Supplied data:
++++

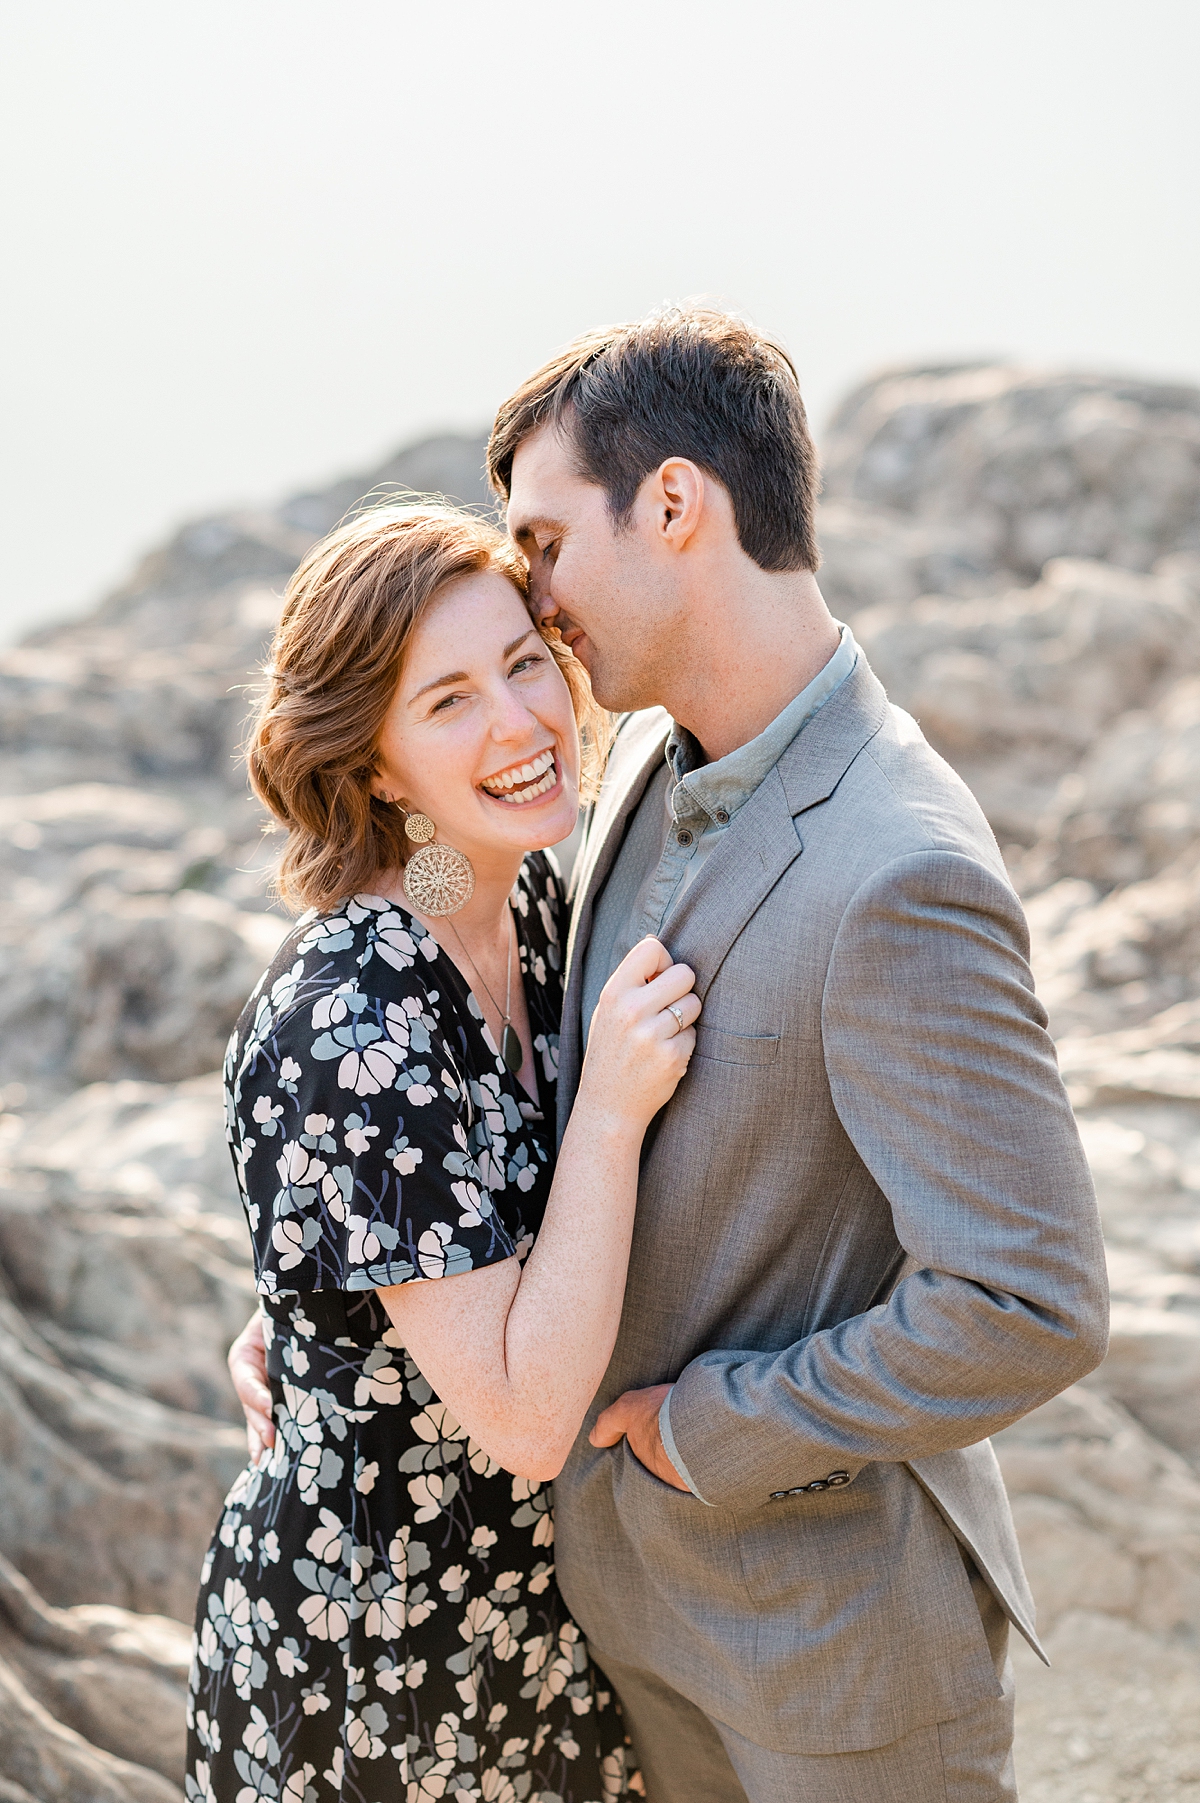 A Summer Raven's Roost Overlook Engagement Session with Mountain Views. Photography by Virginia Wedding Photographer Kailey Brianne Photography. 
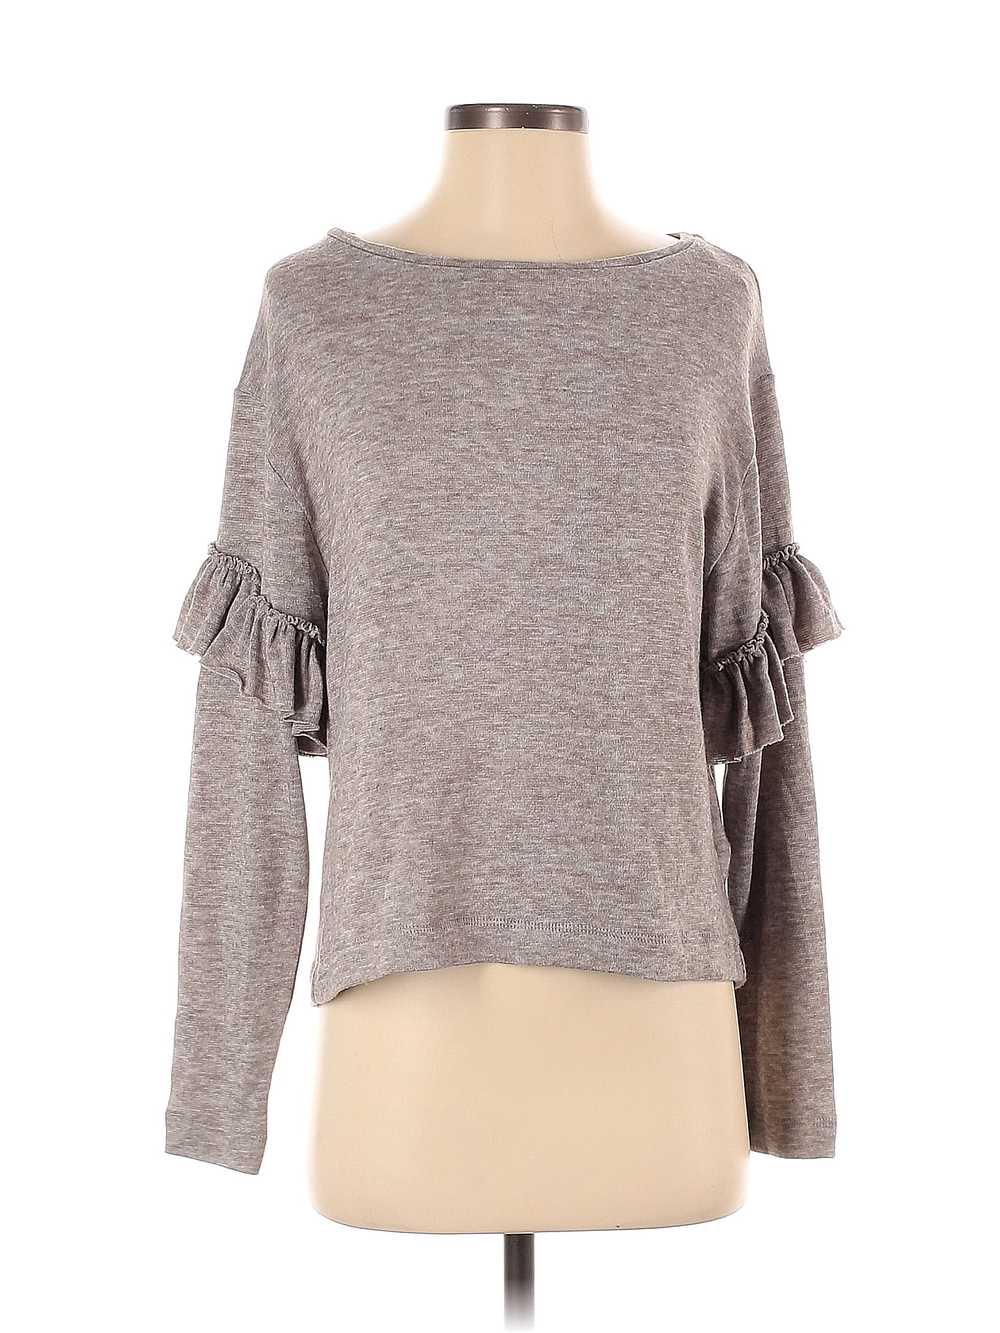 Zara W&B Collection Women Gray Pullover Sweater S - image 1
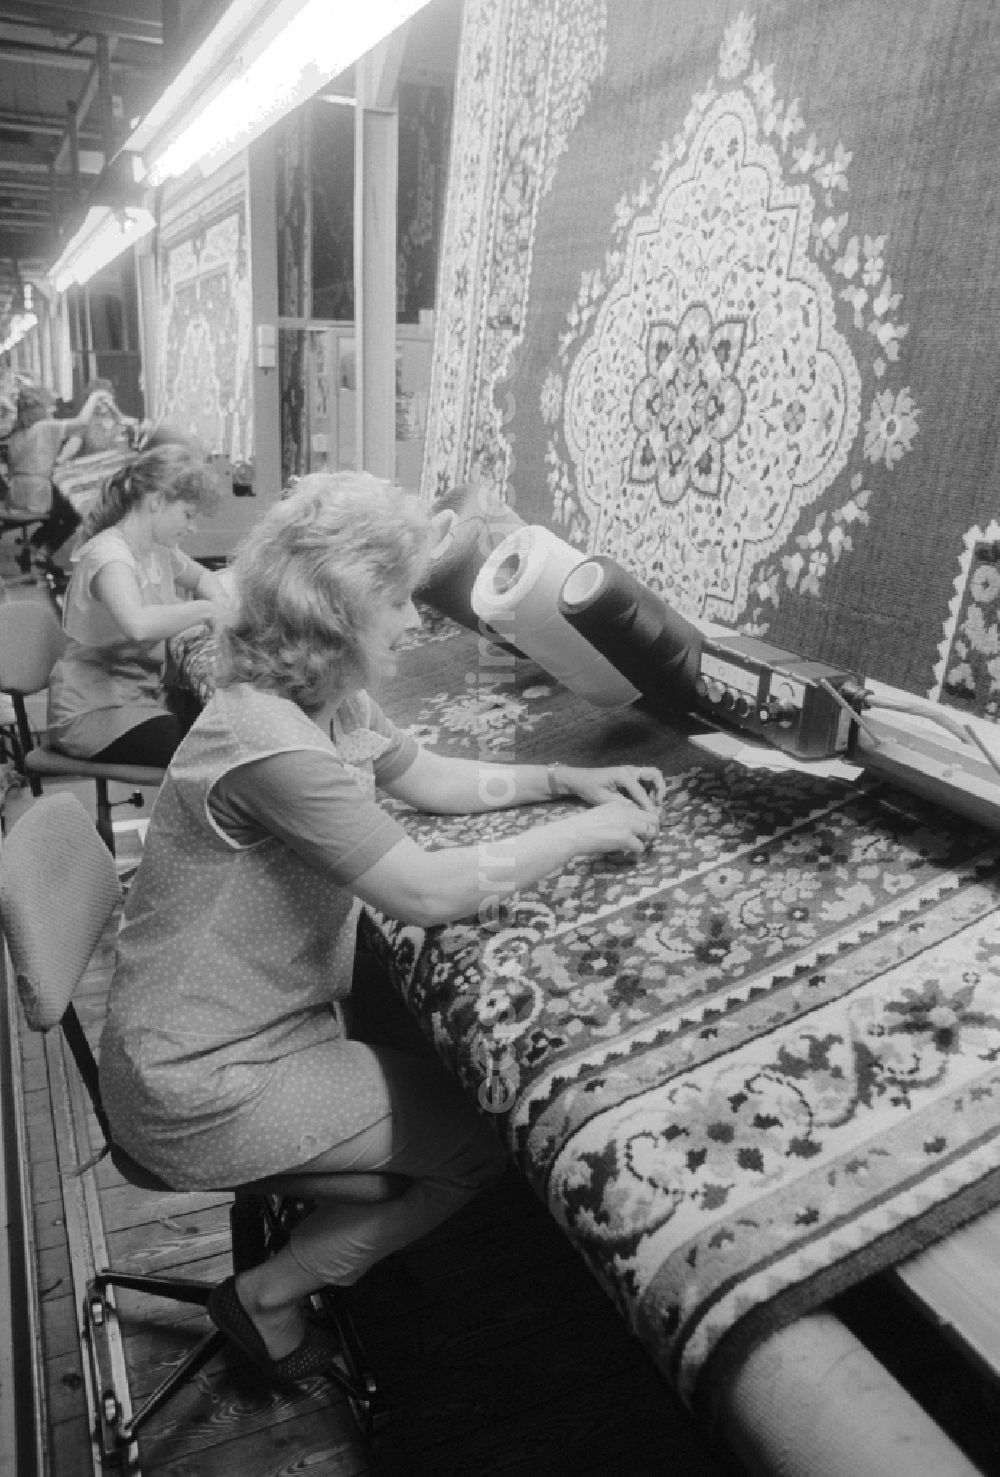 GDR image archive: Malchow - View of the production halls of the VEB Carpet Factory North Malchow in Malchow in Mecklenburg-Western Pomerania in the field of the former GDR, German Democratic Republic
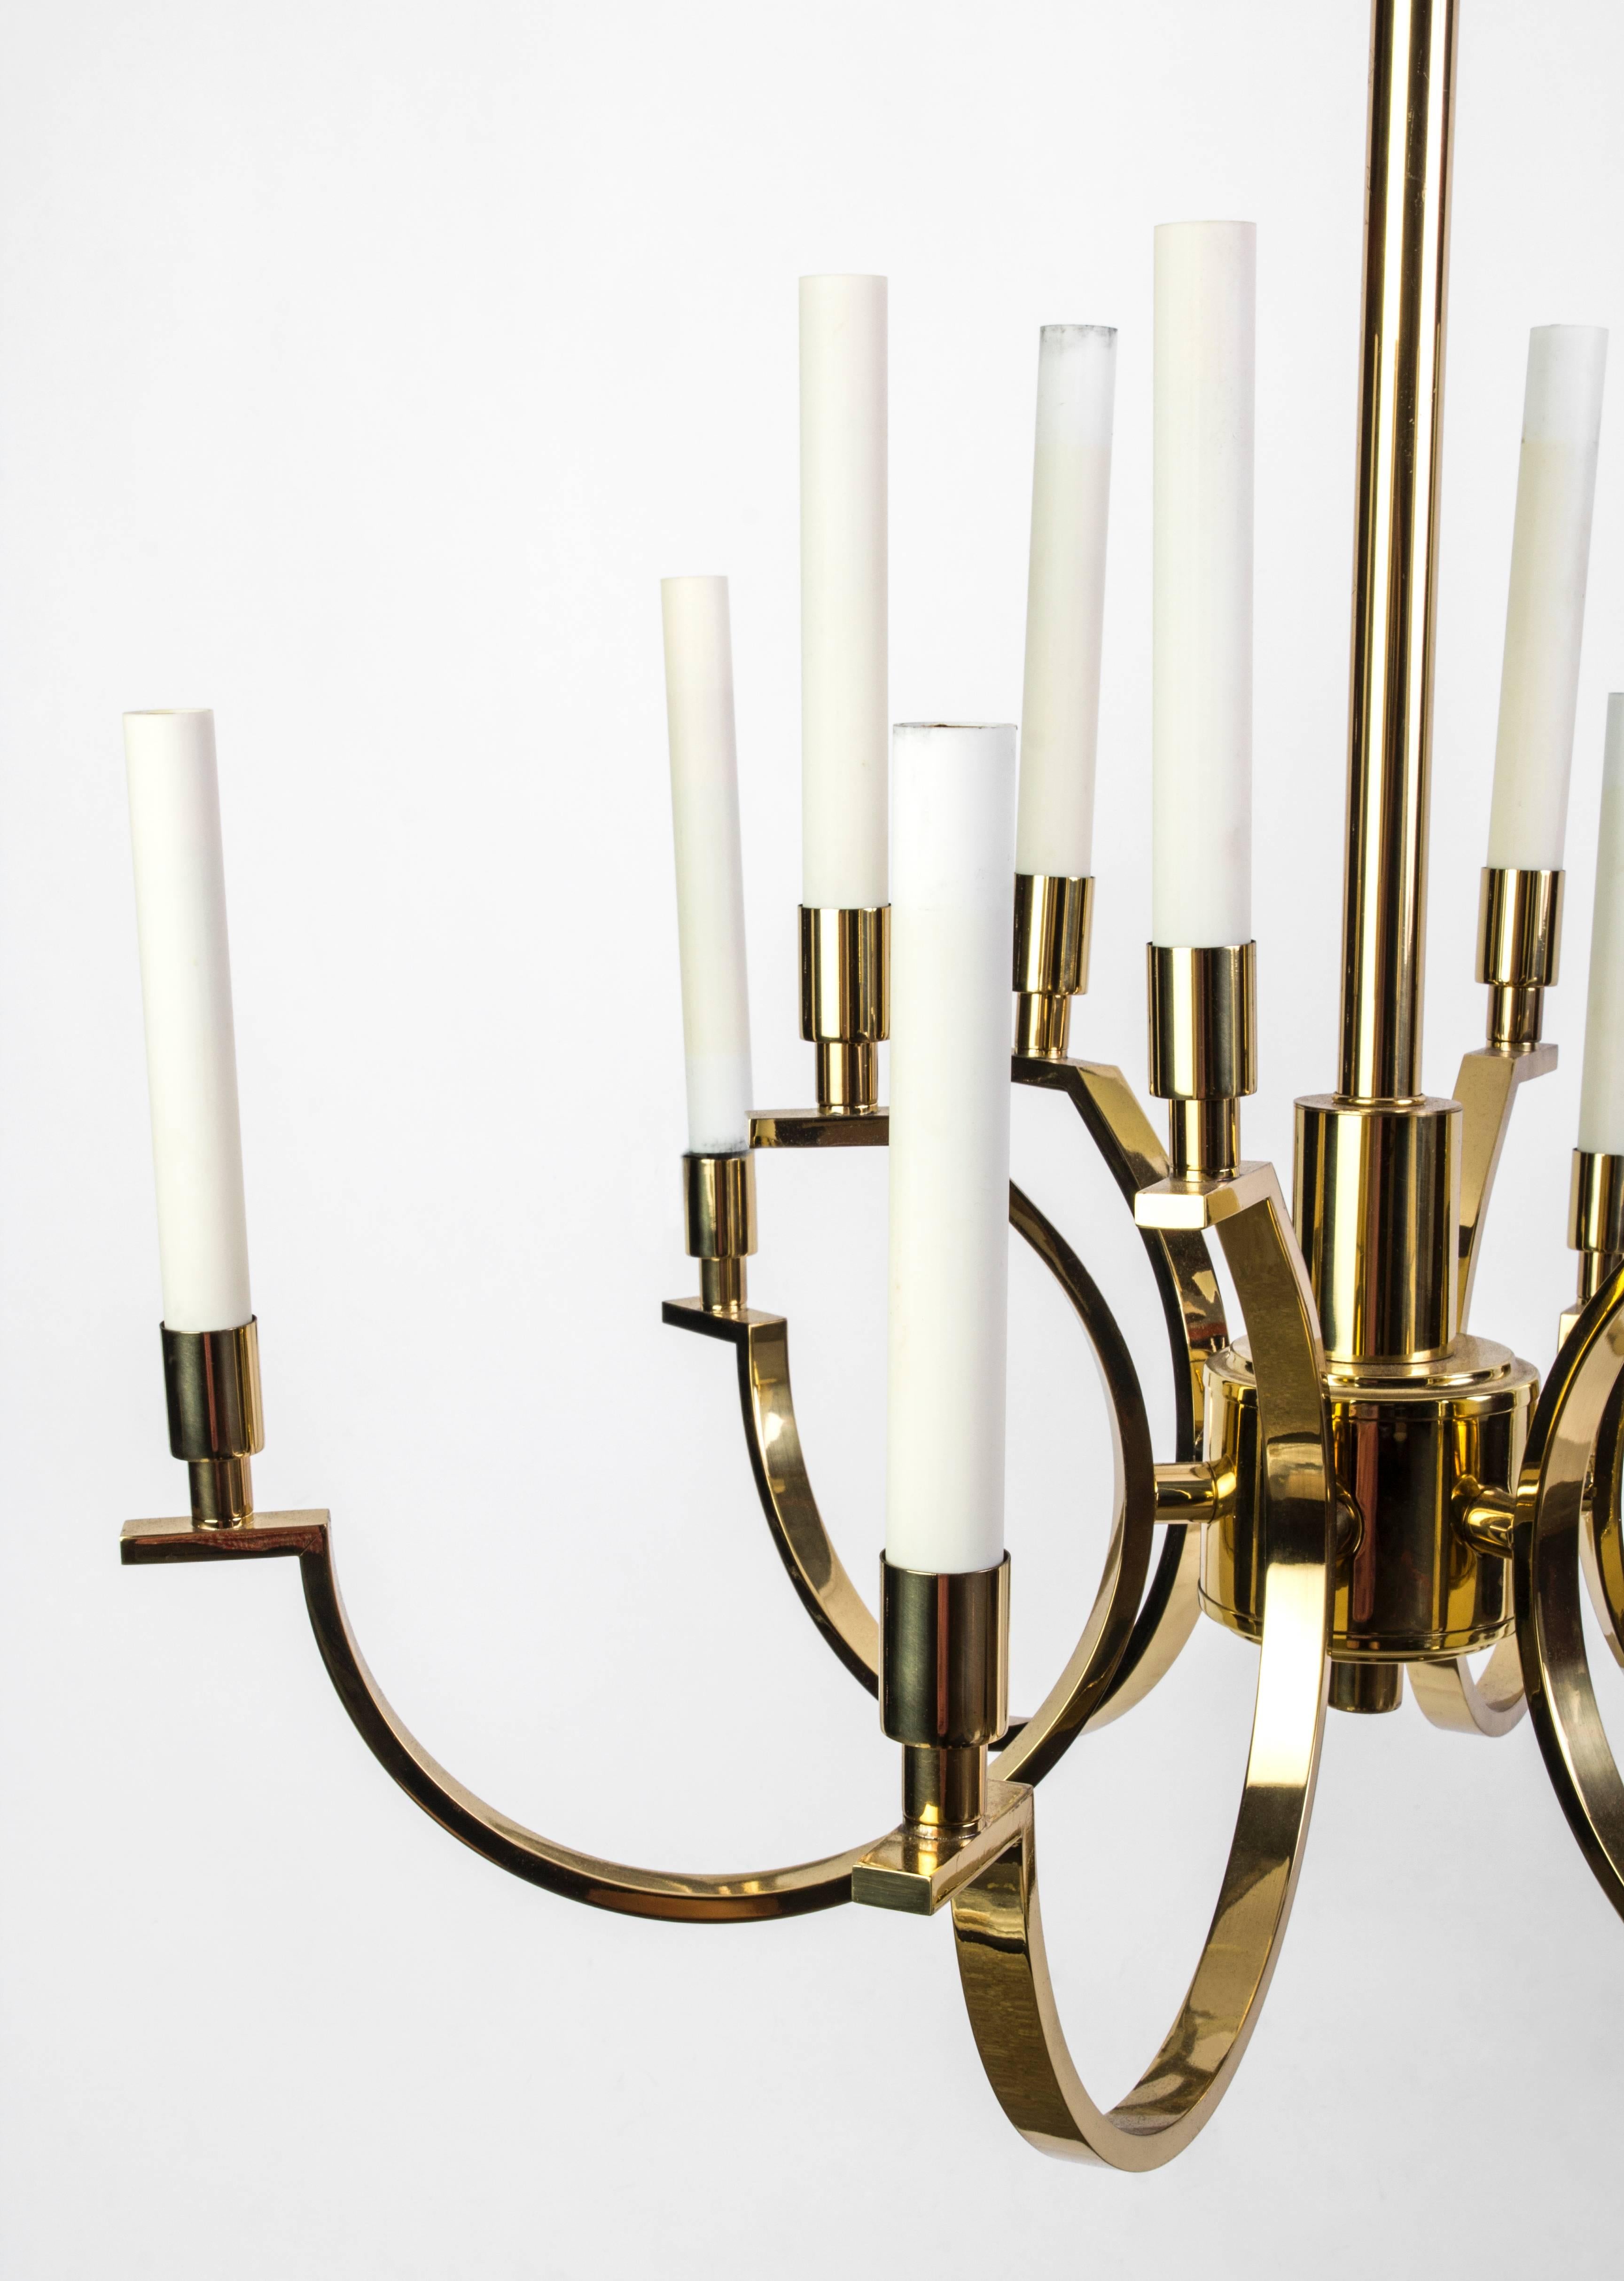 This exquisite Mid-Century Modernist chandelier was designed by Frederick Cooper. It features a two-tier brass frame candelabra form design with elongated candlestick lights. It is in excellent condition.
 

++++

Activity: Without the pictures, write out the whole listing above exactly as it appears.

Reply to the task:
 A Summer Raven's Roost Overlook Engagement Session with Mountain Views. Photography by Virginia Wedding Photographer Kailey Brianne Photography. 
 Zara W&B Collection Women Gray Pullover Sweater S - image 1
 GDR image archive: Malchow - View of the production halls of the VEB Carpet Factory North Malchow in Malchow in Mecklenburg-Western Pomerania in the field of the former GDR, German Democratic Republic
 This exquisite Mid-Century Modernist chandelier was designed by Frederick Cooper. It features a two-tier brass frame candelabra form design with elongated candlestick lights. It is in excellent condition.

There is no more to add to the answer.